Material for this exercise:
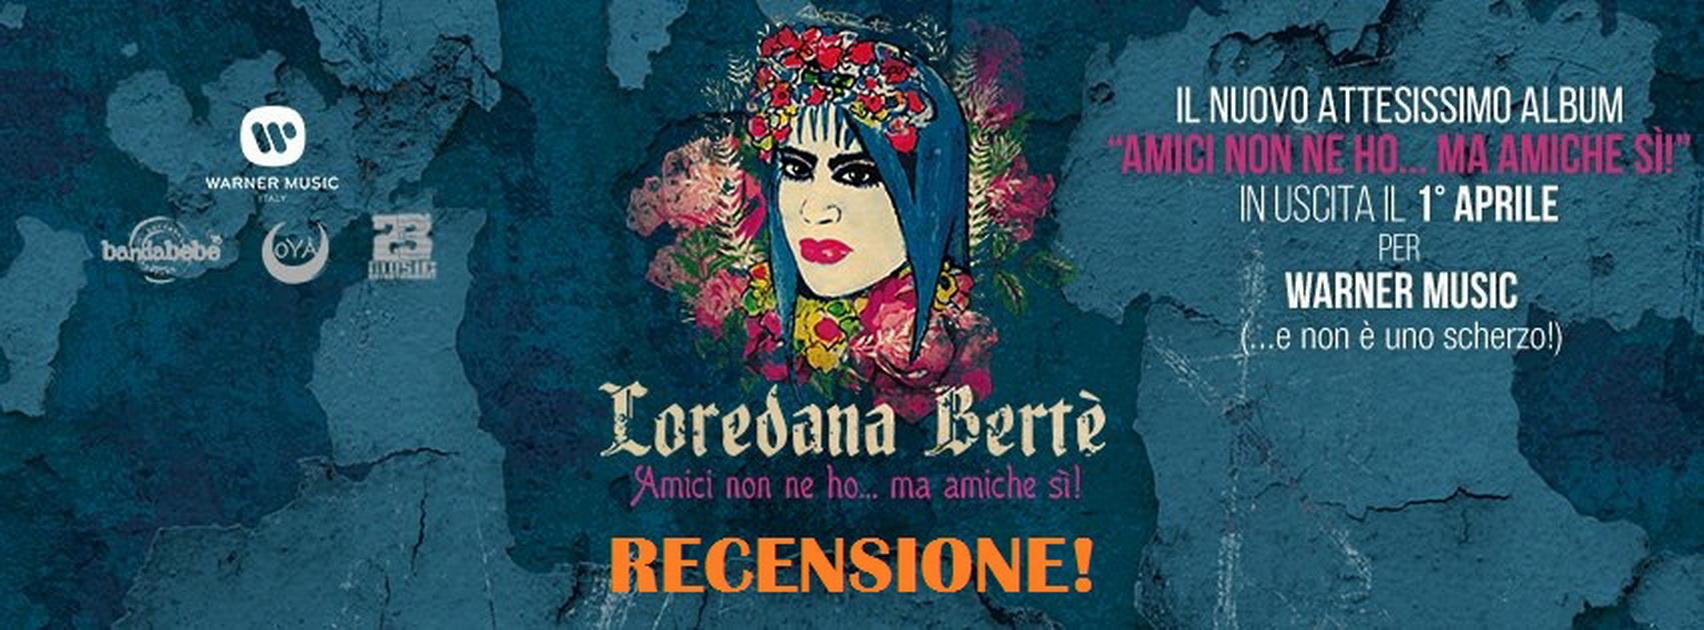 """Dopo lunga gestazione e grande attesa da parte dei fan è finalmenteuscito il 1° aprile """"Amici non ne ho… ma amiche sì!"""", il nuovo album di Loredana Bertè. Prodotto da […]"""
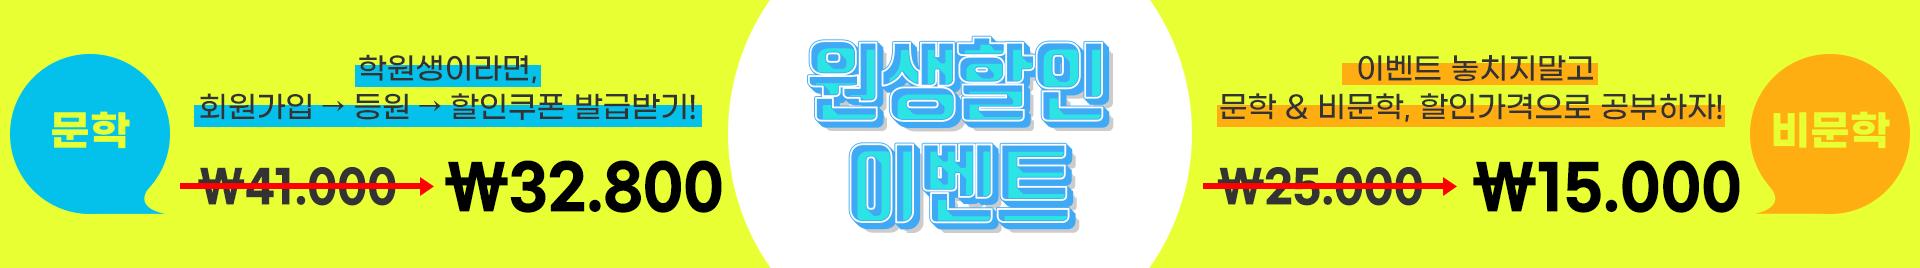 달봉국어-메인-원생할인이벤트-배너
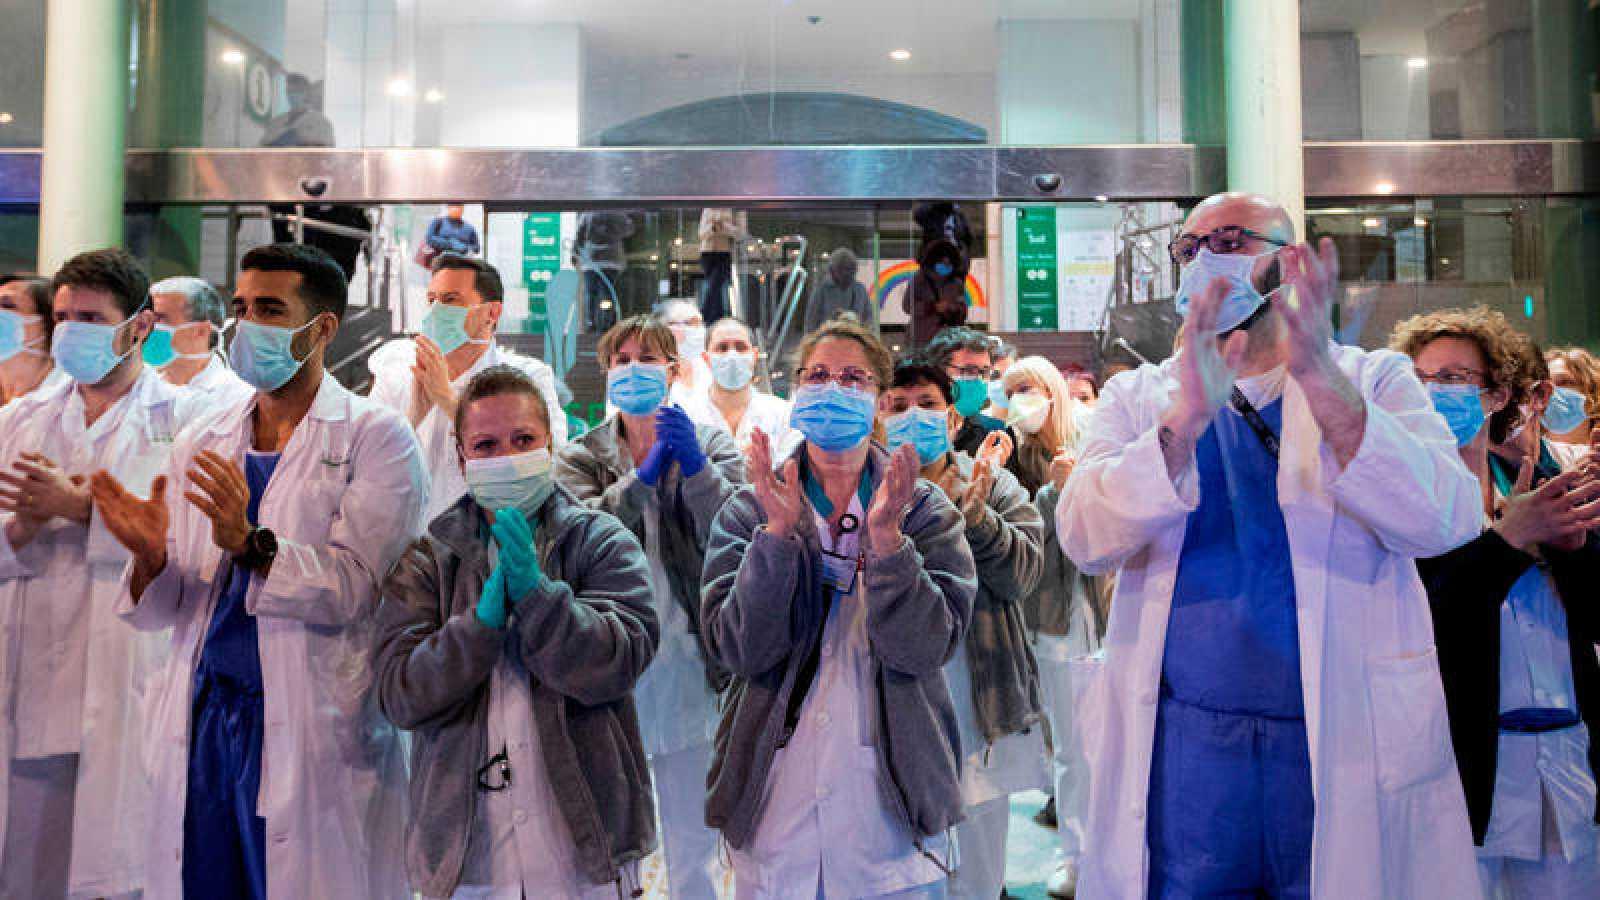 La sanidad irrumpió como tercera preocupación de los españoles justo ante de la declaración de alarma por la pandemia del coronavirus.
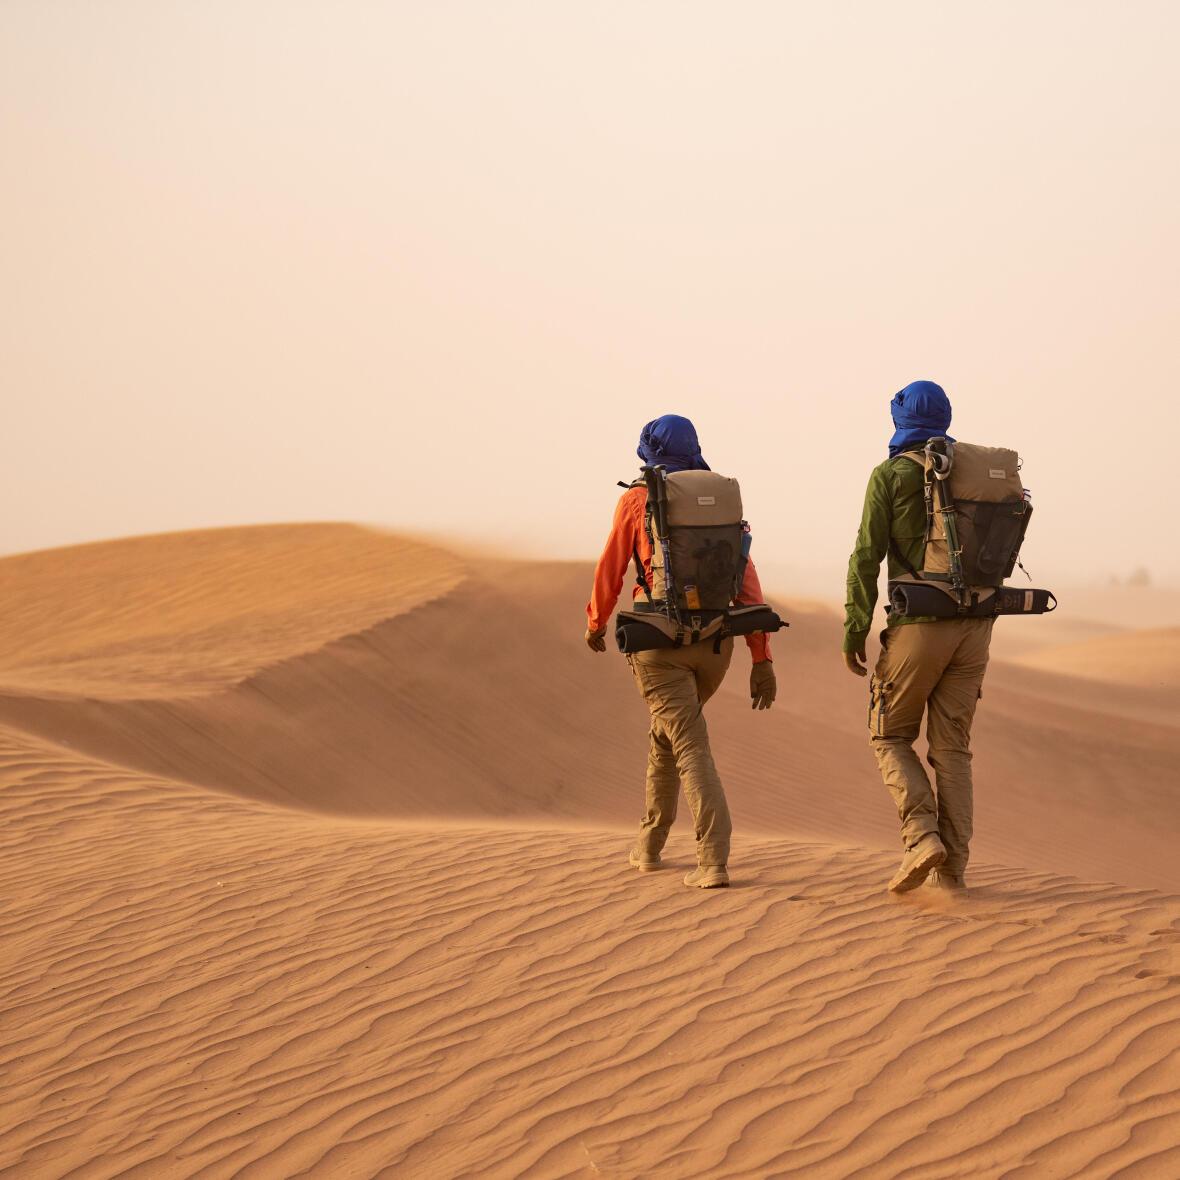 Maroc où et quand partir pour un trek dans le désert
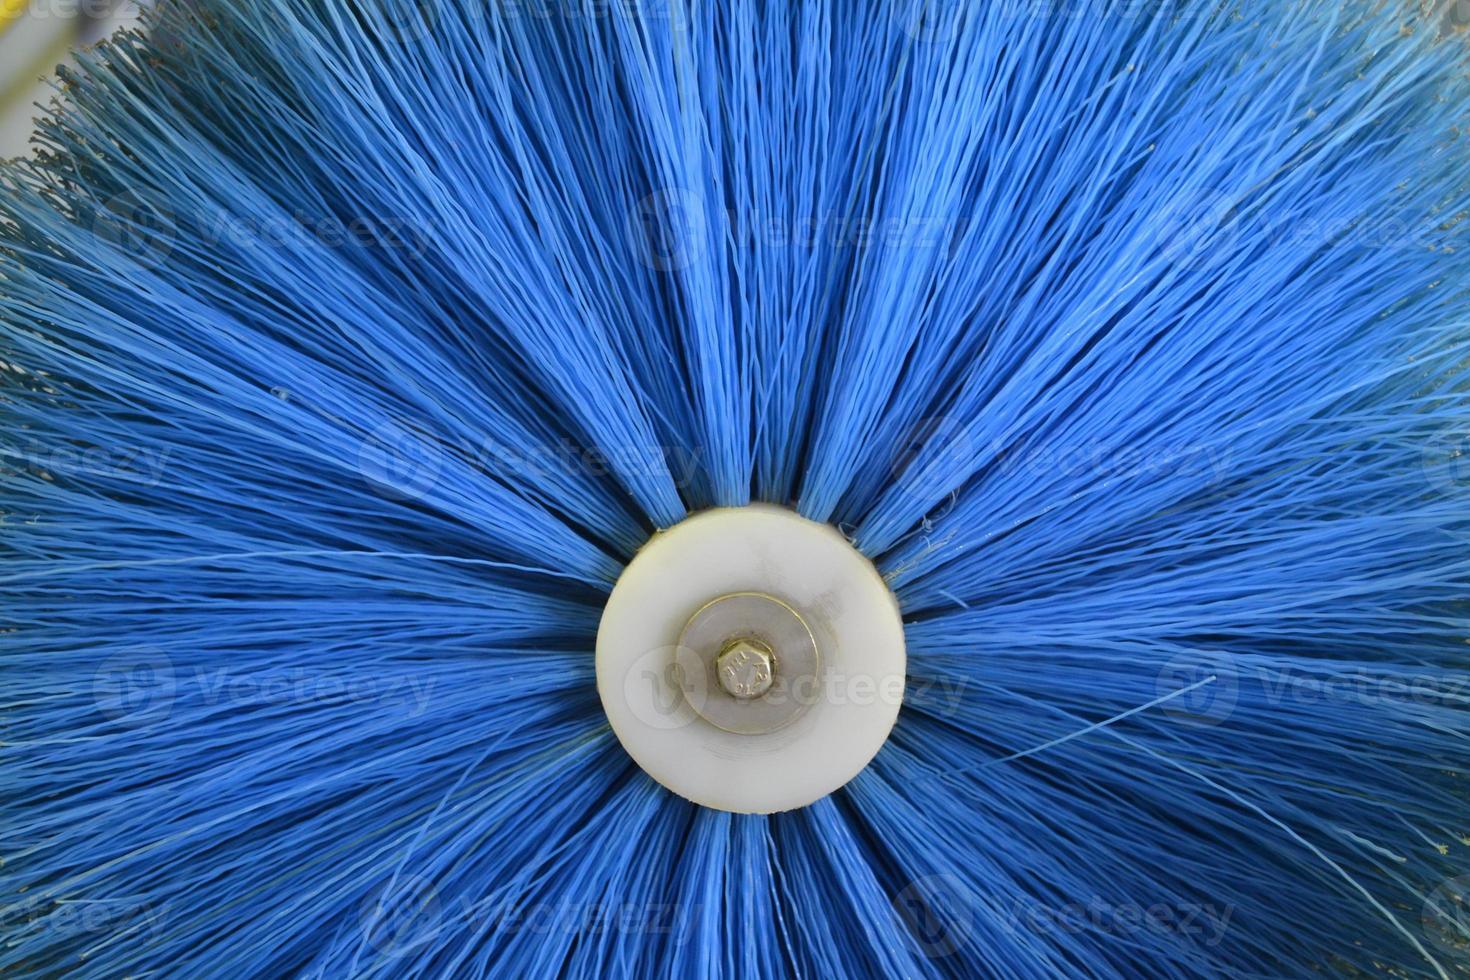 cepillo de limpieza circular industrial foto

What you should do:
From the listing above, print every entry precisely and drop the pictures.

Response box:
 """Dopo lunga gestazione e grande attesa da parte dei fan è finalmenteuscito il 1° aprile """"Amici non ne ho… ma amiche sì!"""", il nuovo album di Loredana Bertè. Prodotto da […]"""
 달봉국어-메인-원생할인이벤트-배너
 La sanidad irrumpió como tercera preocupación de los españoles justo ante de la declaración de alarma por la pandemia del coronavirus.
 Maroc où et quand partir pour un trek dans le désert
 cepillo de limpieza circular industrial foto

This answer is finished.